The whole listing is to be written out again exactly; the pictures are not.
*** Opening DATA BELOW ***
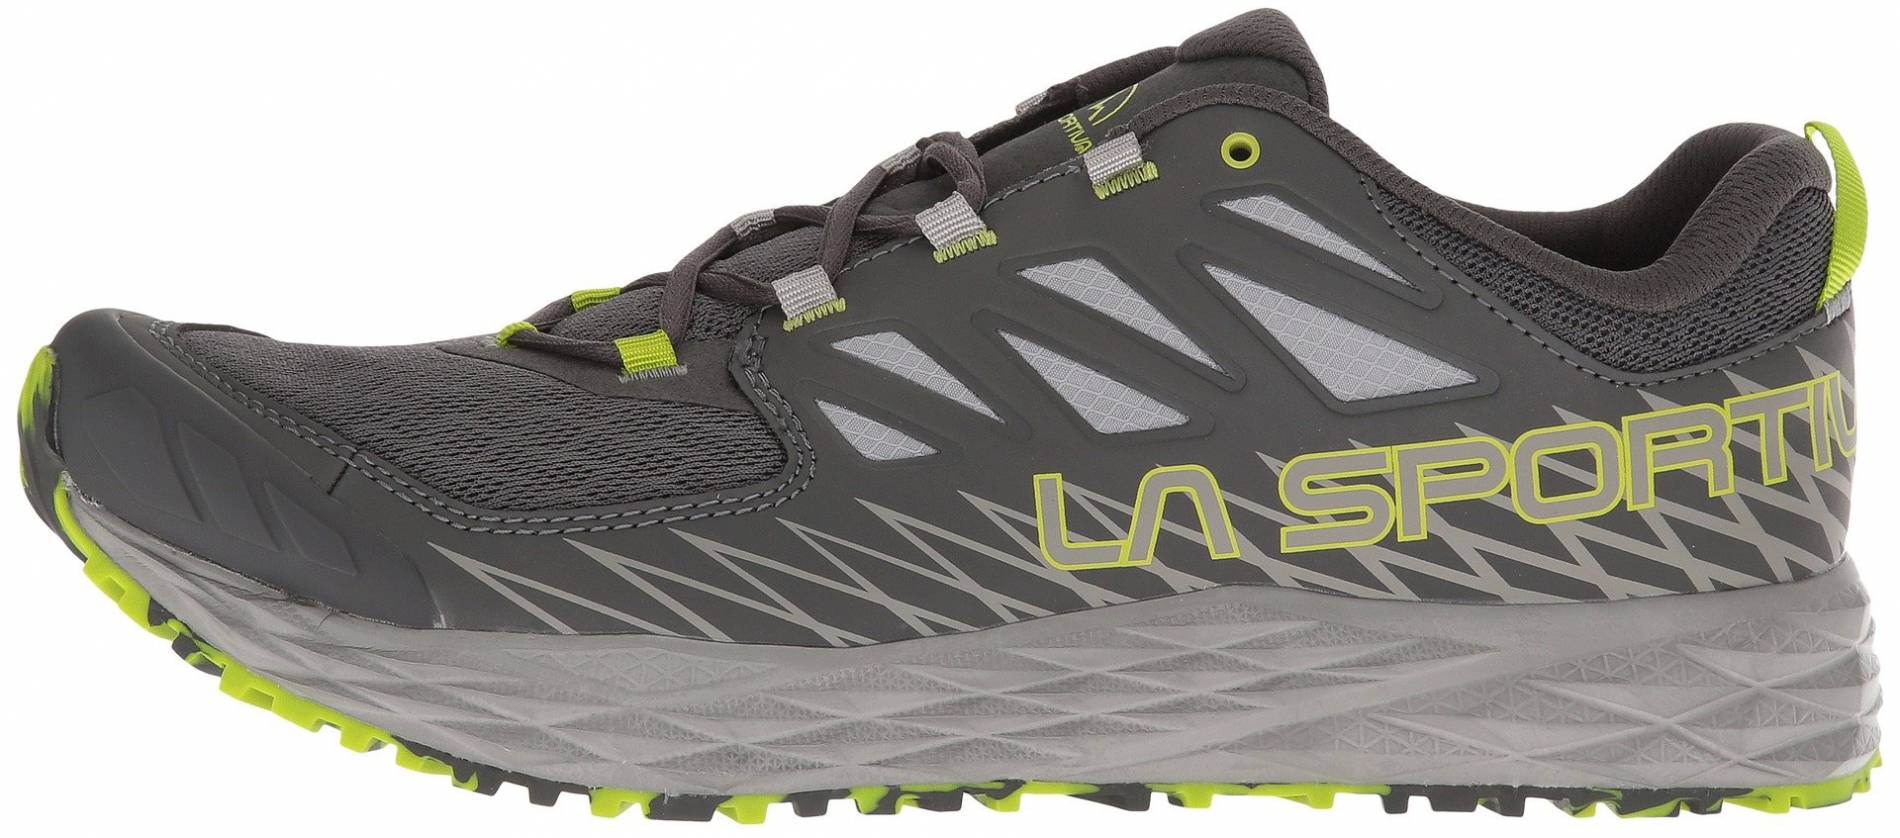 La Sportiva Men's Lycan Various Sizes and Colors 
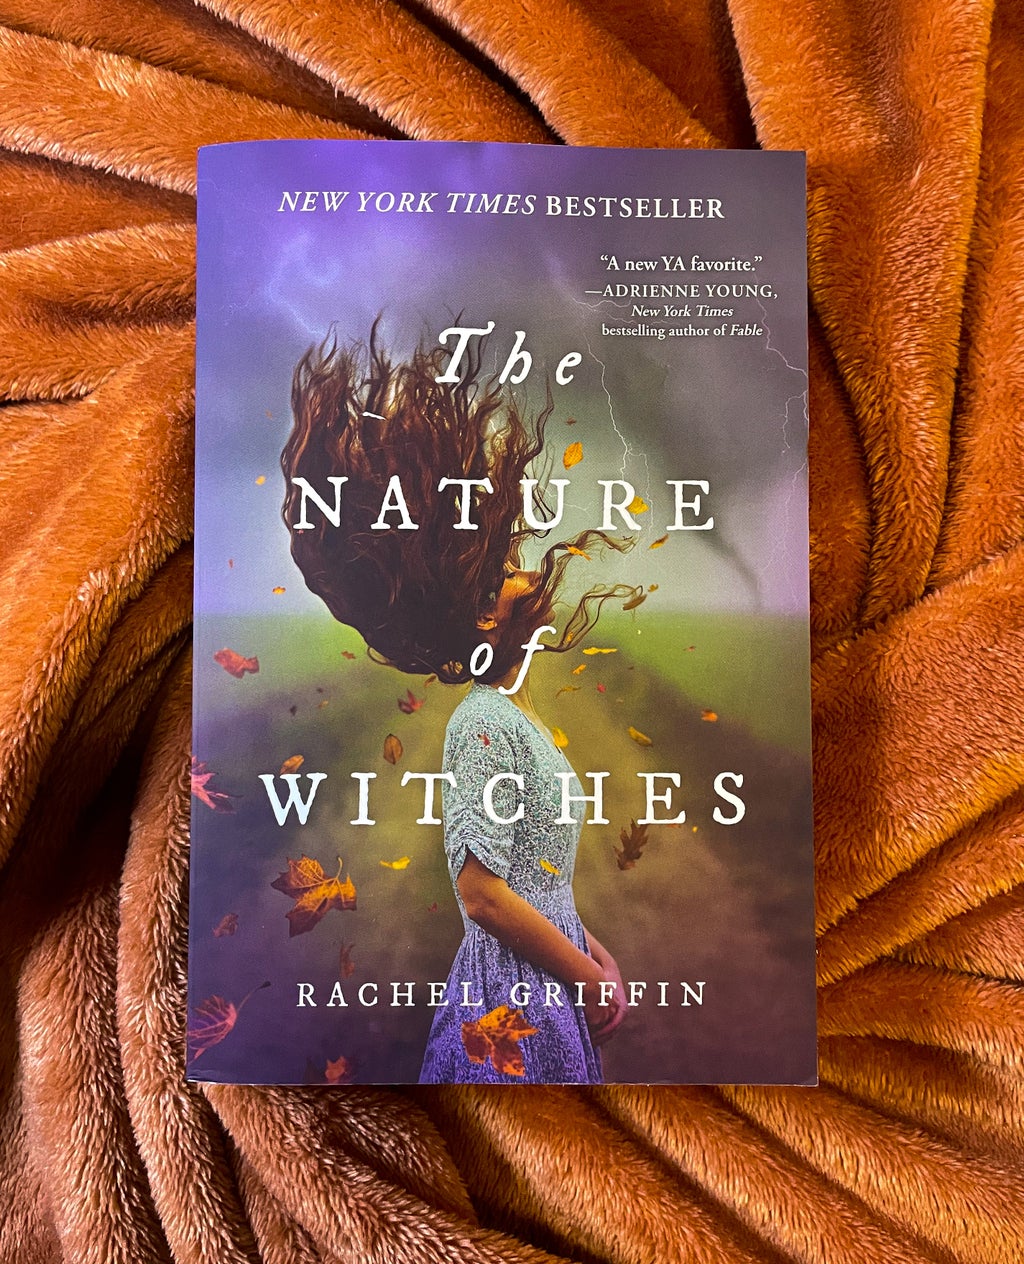 The Nature of Witches by Rachel Griffin on orange blanket
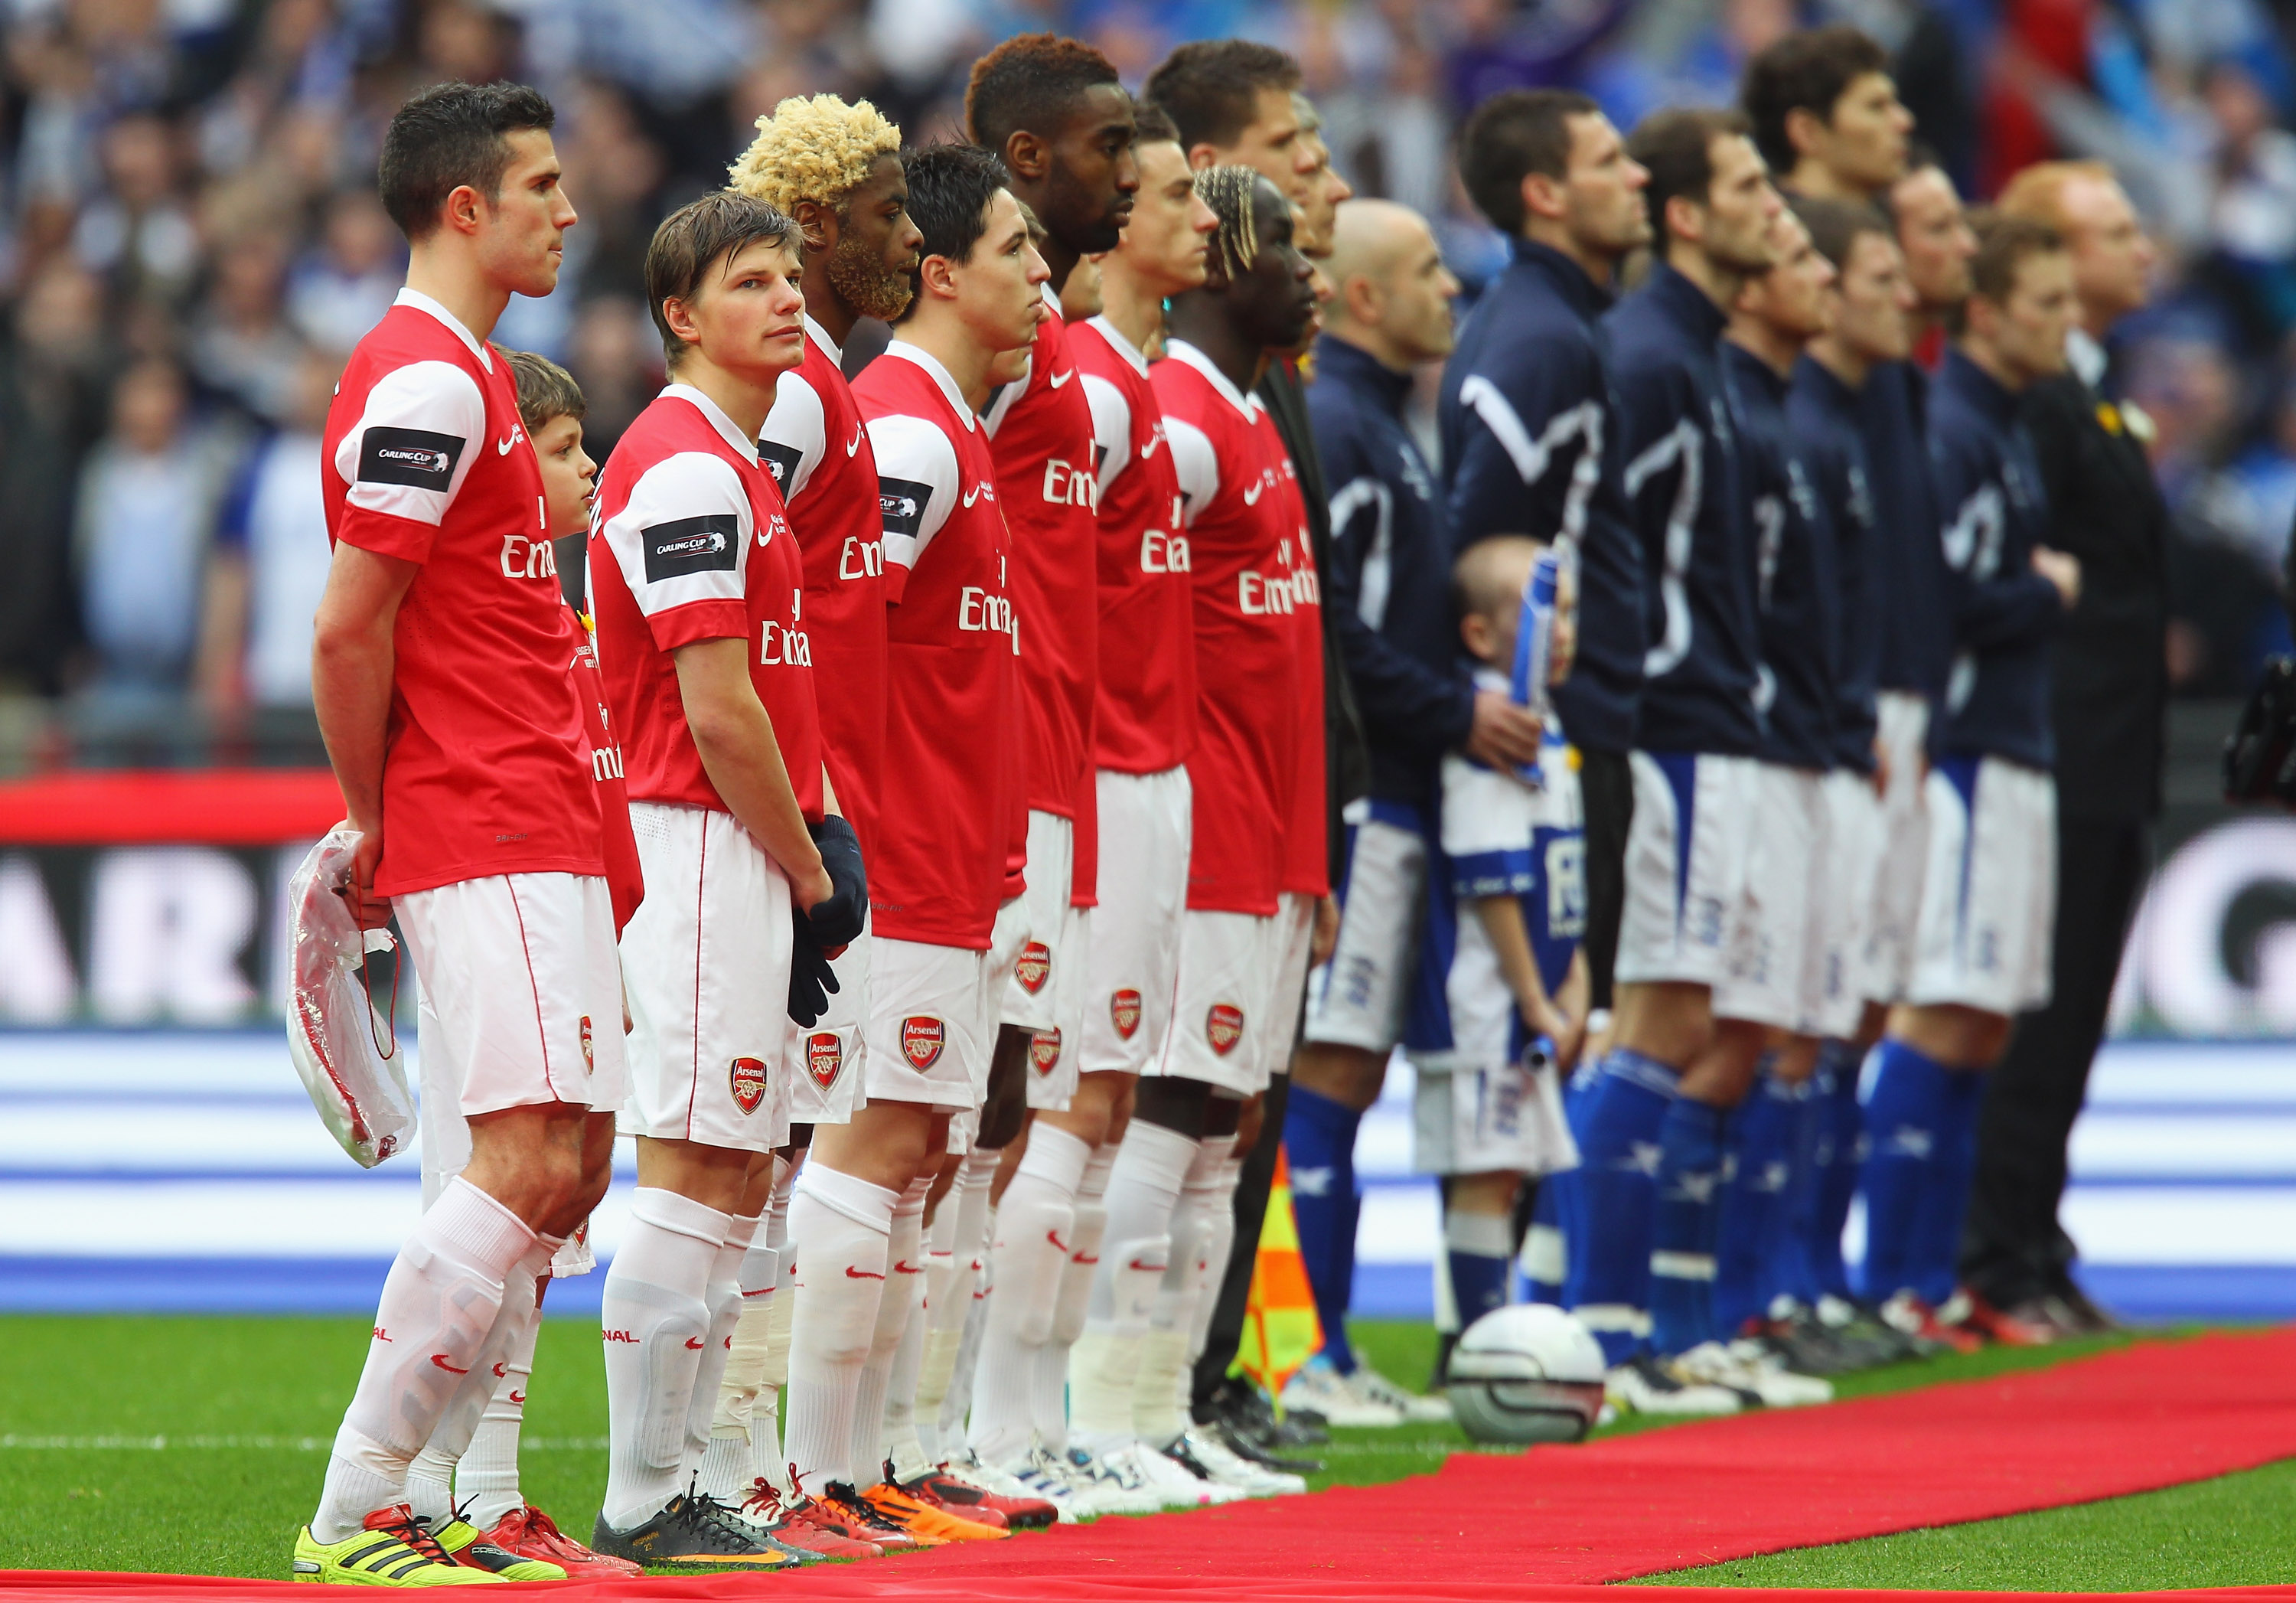 LONDON, ENGLAND - FEBRUARY 27: Andrey Arshavin of Arsenal looks on as the teams line up ahead of the Carling Cup Final between Arsenal and Birmingham City at Wembley Stadium on February 27, 2011 in London, England.  (Photo by Alex Livesey/Getty Images)
*** Closing DATA BELOW ***
» **FINISHED EXERCISE**
 La Sportiva Men's Lycan Various Sizes and Colors 
 The Nature of Witches by Rachel Griffin on orange blanket
 LONDON, ENGLAND - FEBRUARY 27: Andrey Arshavin of Arsenal looks on as the teams line up ahead of the Carling Cup Final between Arsenal and Birmingham City at Wembley Stadium on February 27, 2011 in London, England.  (Photo by Alex Livesey/Getty Images)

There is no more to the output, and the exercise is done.